In (2), we see a top-view of a cylinder with the sections that were defined in (1). Note that by smoothly interpolating between the defined sections, we can achieve a very smooth result without defining a large number of sections. In (3), we see a top-view of a torus with the same sections (or, at least, a passable representation of one; it's hand-drawn, not mathematically computed, so it may not be very accurate).

In the example, all the sections were equally spaced, but that need not be the case. Nor need there be a set number of sections. An arbitrary number of sections could be defined, with data storage increasing linearly with the number of sections defined (i.e. if we define twice as many sections, it takes twice as much space to store the data).

The advantage taper has is that it can be represented as two numbers between -1.0 and +1.0, one number for each axis X and Y. So, it doesn't take much bandwidth to transmit the Taper attribute of a prim. The disadvantage to taper is that its possibilities are decidedly limited: the shape's size can only be changed by a constant value as it is extruded along its path. It cannot, for example, start out small, become large in the middle, then small again at the end (making a surface resembling a lemon or American football).

With section radius, on the other hand, it would be possible to make such a shape, and a great many other shapes, with a single prim: vases, bullets, wavy french fries, bushy tails, barbells, and a great many non-PG items (which I will refrain from linking to). I haven't even started to mention all the possibilities with torus and kin!

There is, of course, a trade-off: section radius takes more information to store and transmit than taper. How much more?

One axis of taper requires, at most, a single floating point number (i.e. not an integer). If Linden Lab is clever, they don't even need that, because the granularity of each attribute is in the hundredths (I may be wrong, it may be thousandths), meaning there are only 200 (or 2000) possible values for one taper axis. That would take only 8 (or 11) bits to represent, versus a 32 bit float value.
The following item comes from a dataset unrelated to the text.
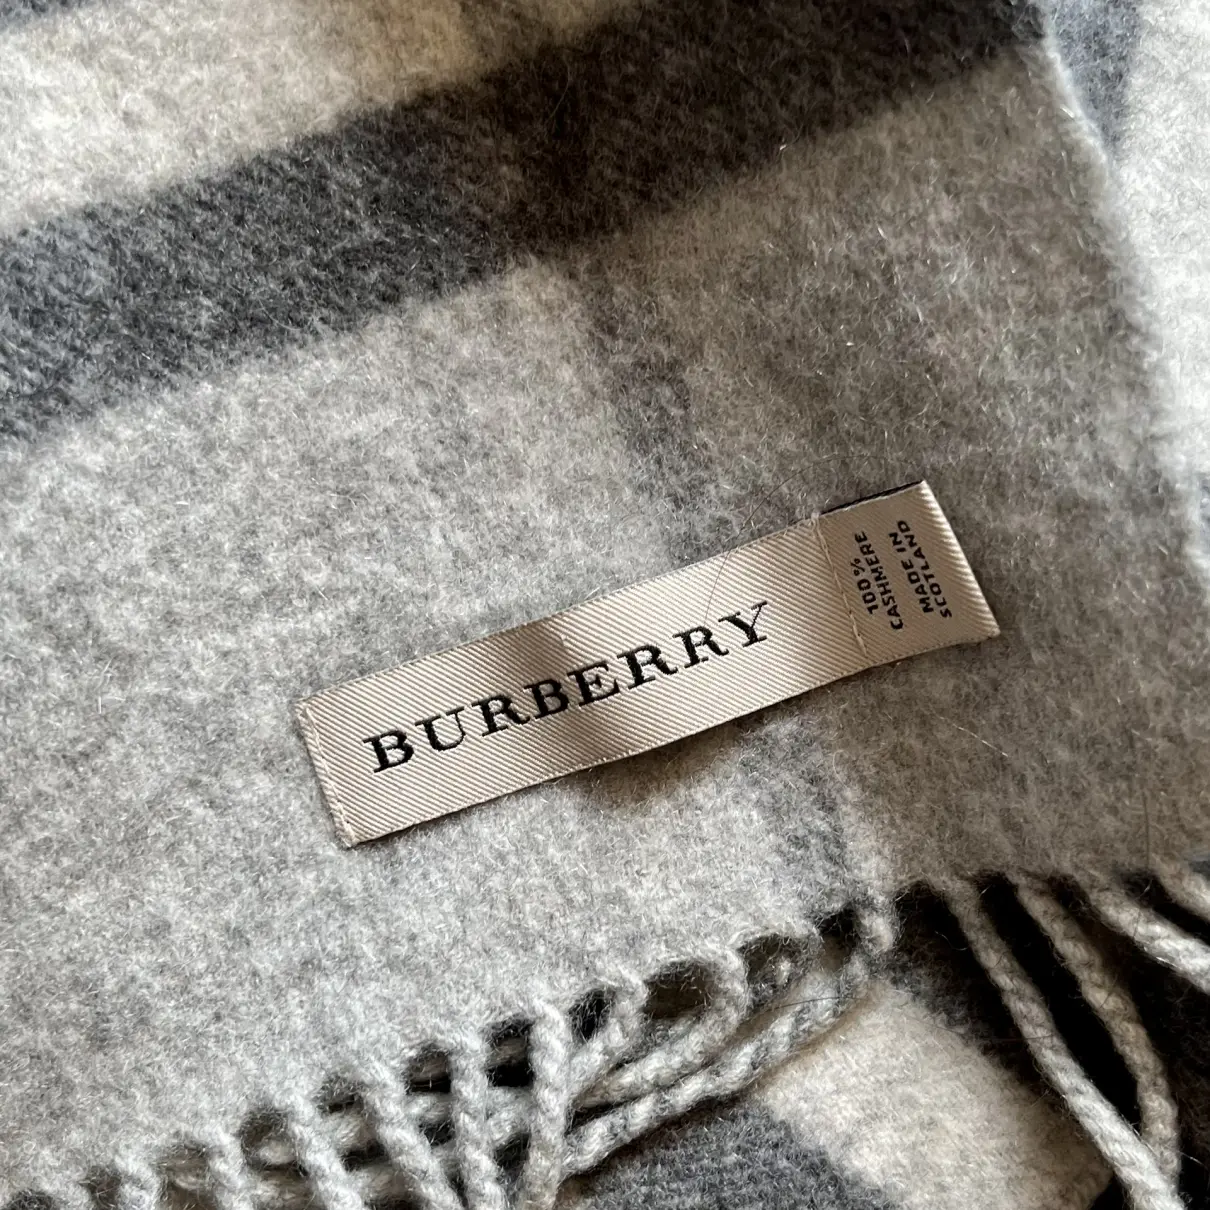 Luxury Burberry Scarves Women

Section radius, on the other hand, would require at least twice that, for every section defined. The more sections you define (i.e. the greater the detail in the section radius), the more data you have to store. I say "at least twice", because additional storage would be needed for storing the interpolation type (linear, smooth, step, and perhaps others). That might be stored once for the entire curve, or stored for each section. The latter would require more storage, but would be more flexible.
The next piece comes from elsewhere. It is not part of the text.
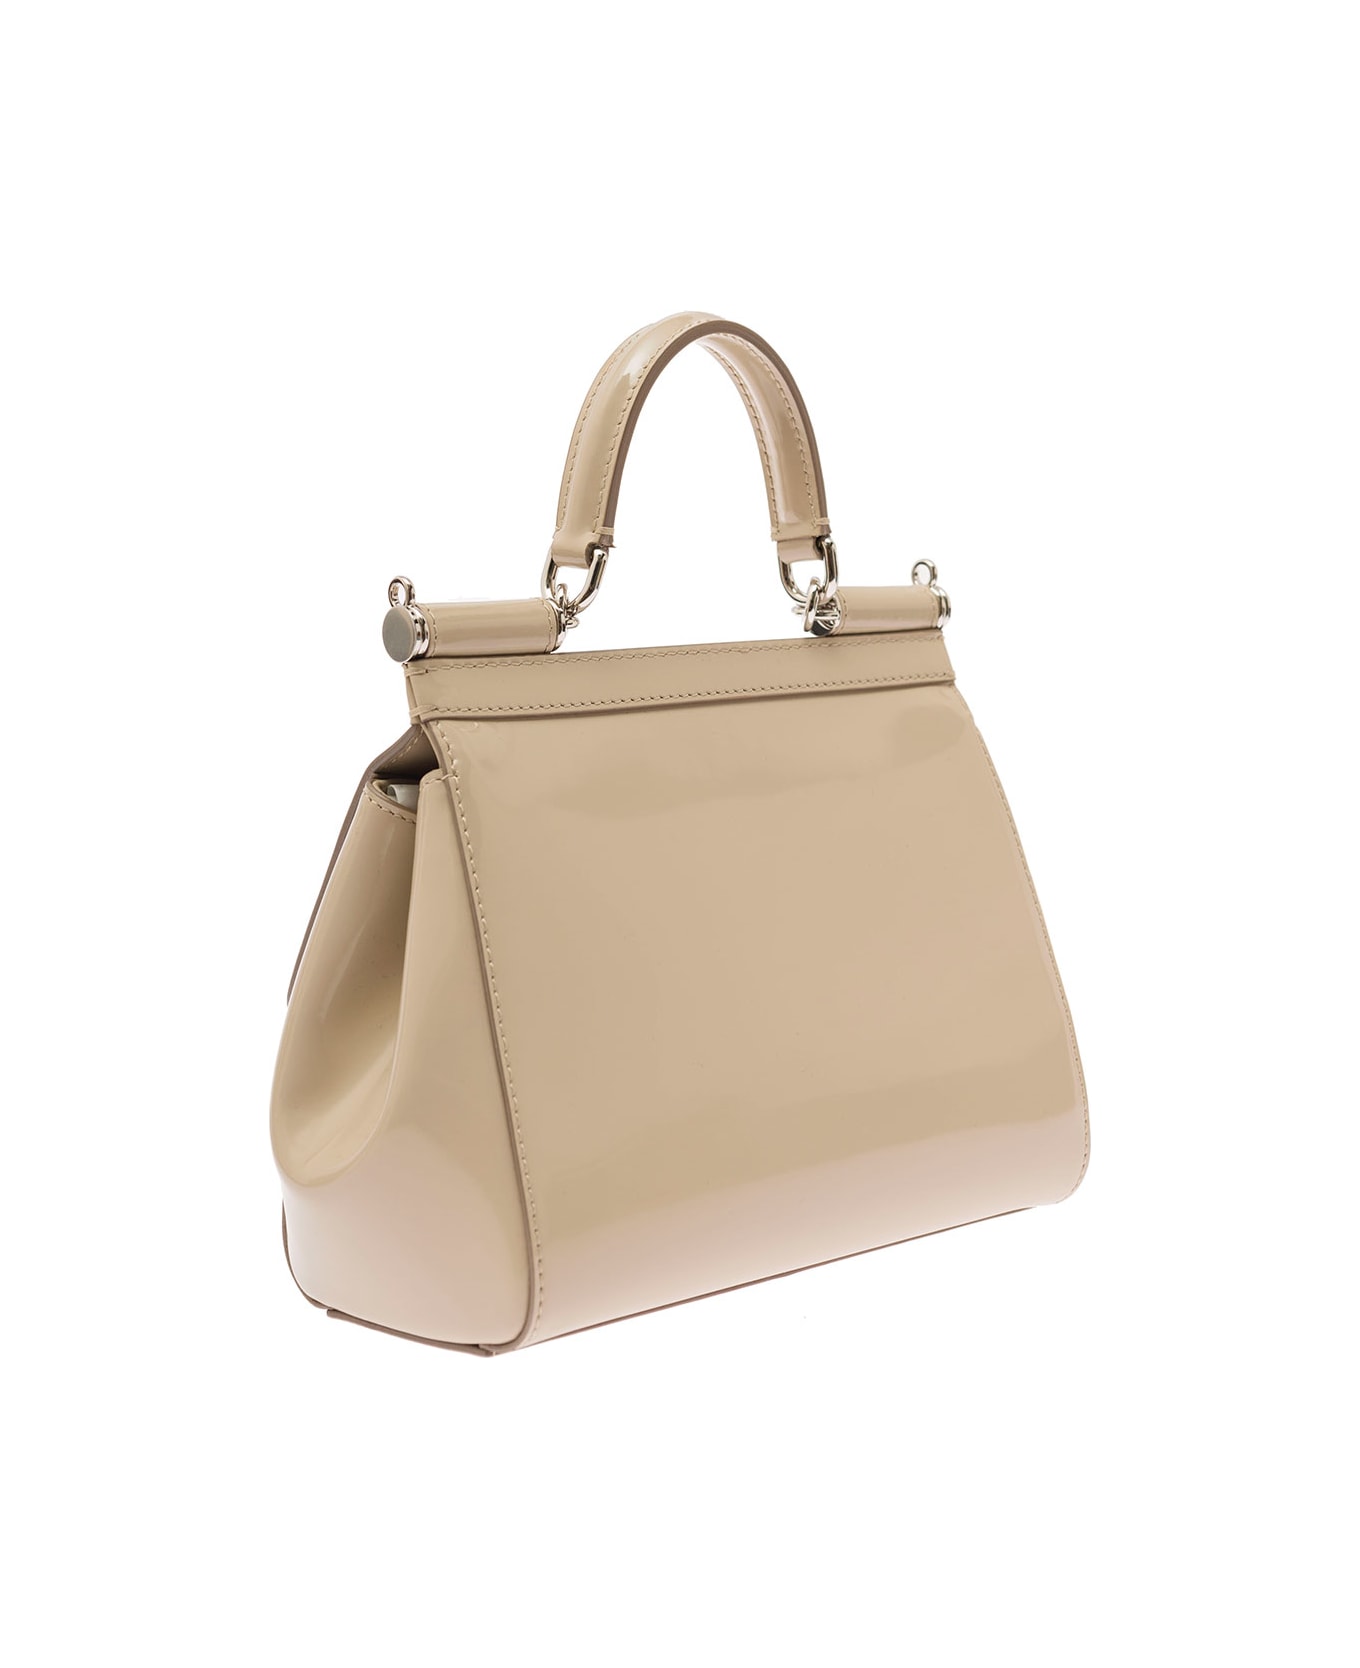 Dolce & Gabbana Beige Sicily Medium Handbag In Shiny Leather Woman - Beige

Section radius can, of course, be used to emulate the current Taper attribute (as well as the poorly-named Hole Size attributes for torus and kin, at no extra cost): one section each defined at the beginning and end, with linear interpolation between them. That's between four and six times as much data, for the same result.

When it's phrased like that, it seems like a bad idea. The same result, but a higher cost? No thanks!
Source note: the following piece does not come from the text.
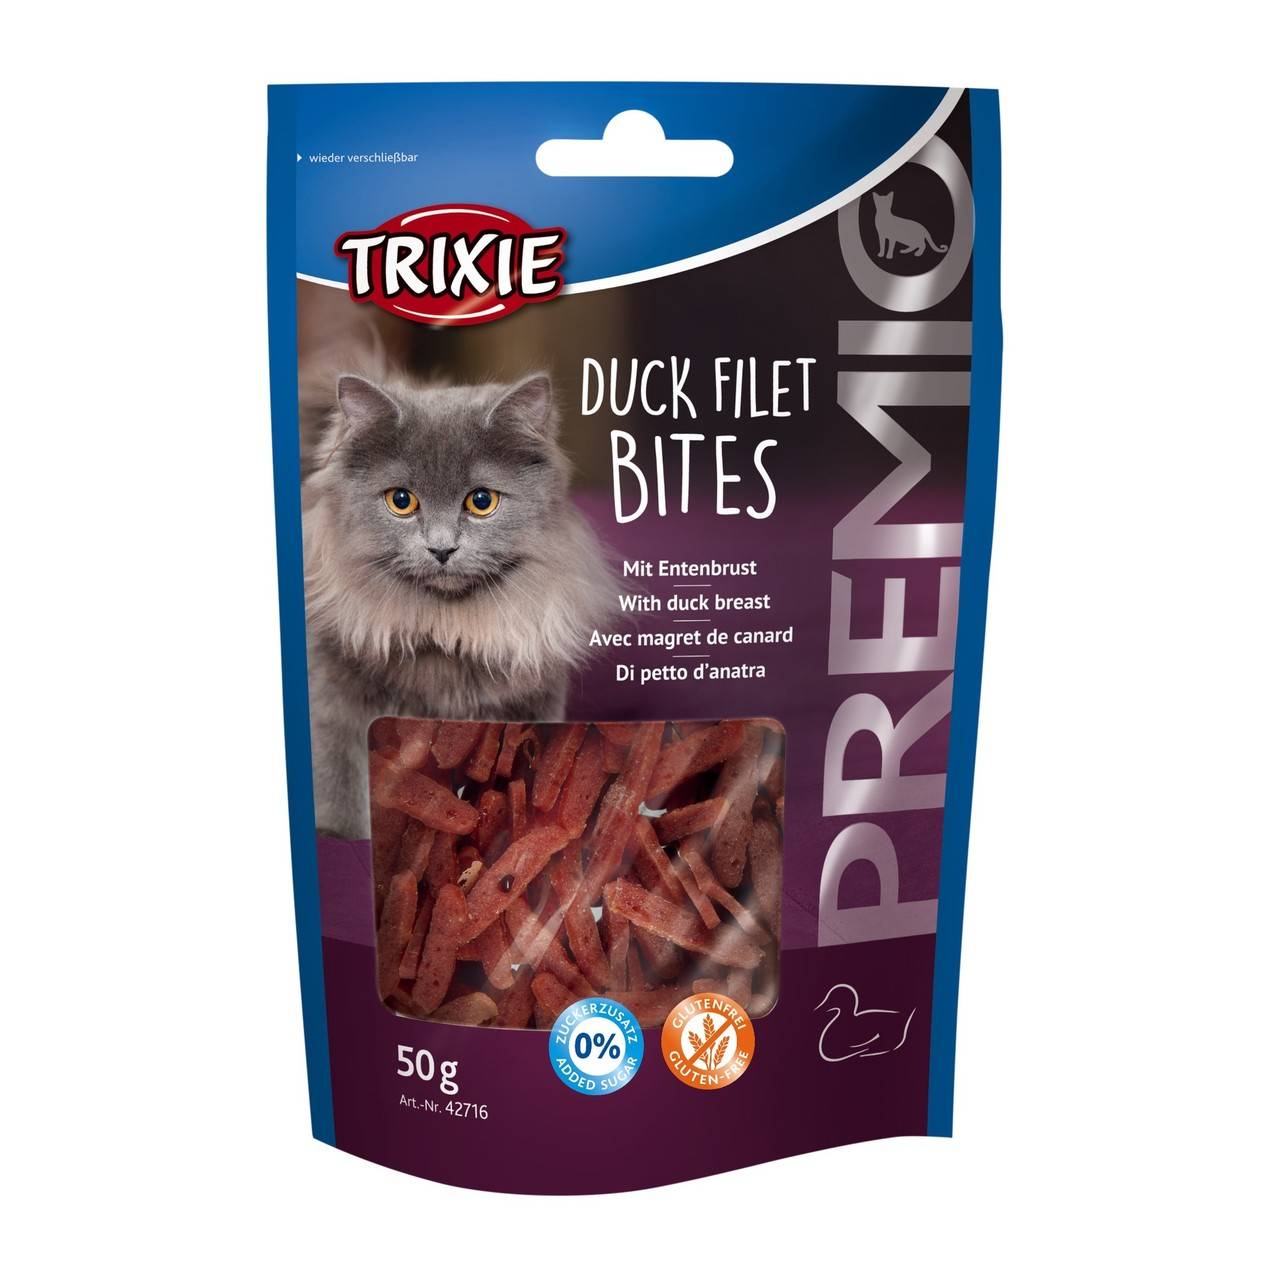 Trixie Premio Duck Filet Bites – лакомство с филе утки для котов

But consider this: section radius would enable shapes which were impossible before. And if you were to try to approximate such a shape using existing building methods, it would require (n-1) separate prims, where n is the number of sections. Each prim, of course, has to store a great many redundant attributes (position, rotation, size, texture data, etc.) which would not be necessary for a single complex prim. And besides taking more storage space (not to mention parcel prim limit space), a many-prim solution would require a great deal of time to construct, and the results would be blocky and undesirable.

To put this in another light: section radius would enable complex and beautiful shapes to be made from a single prim, but would make creating a large number of simple shapes slightly less efficient.

It represents a shift from low-level, difficult-to-use tools to higher-level, easy-to-use tools. This is a shift that Second Life needs to make, in many areas, if it hopes to attract and retain the Doers and Makers that create the content of Second Life.

1 comment:

Keoni Chavez said...

Why am you smarter than me? Me, Bizarro Akela, am smartest wolfwere on Bizarro world, but me no can overstand what you am saying.

*sigh* Bizarro Akela am just pawn in game of life.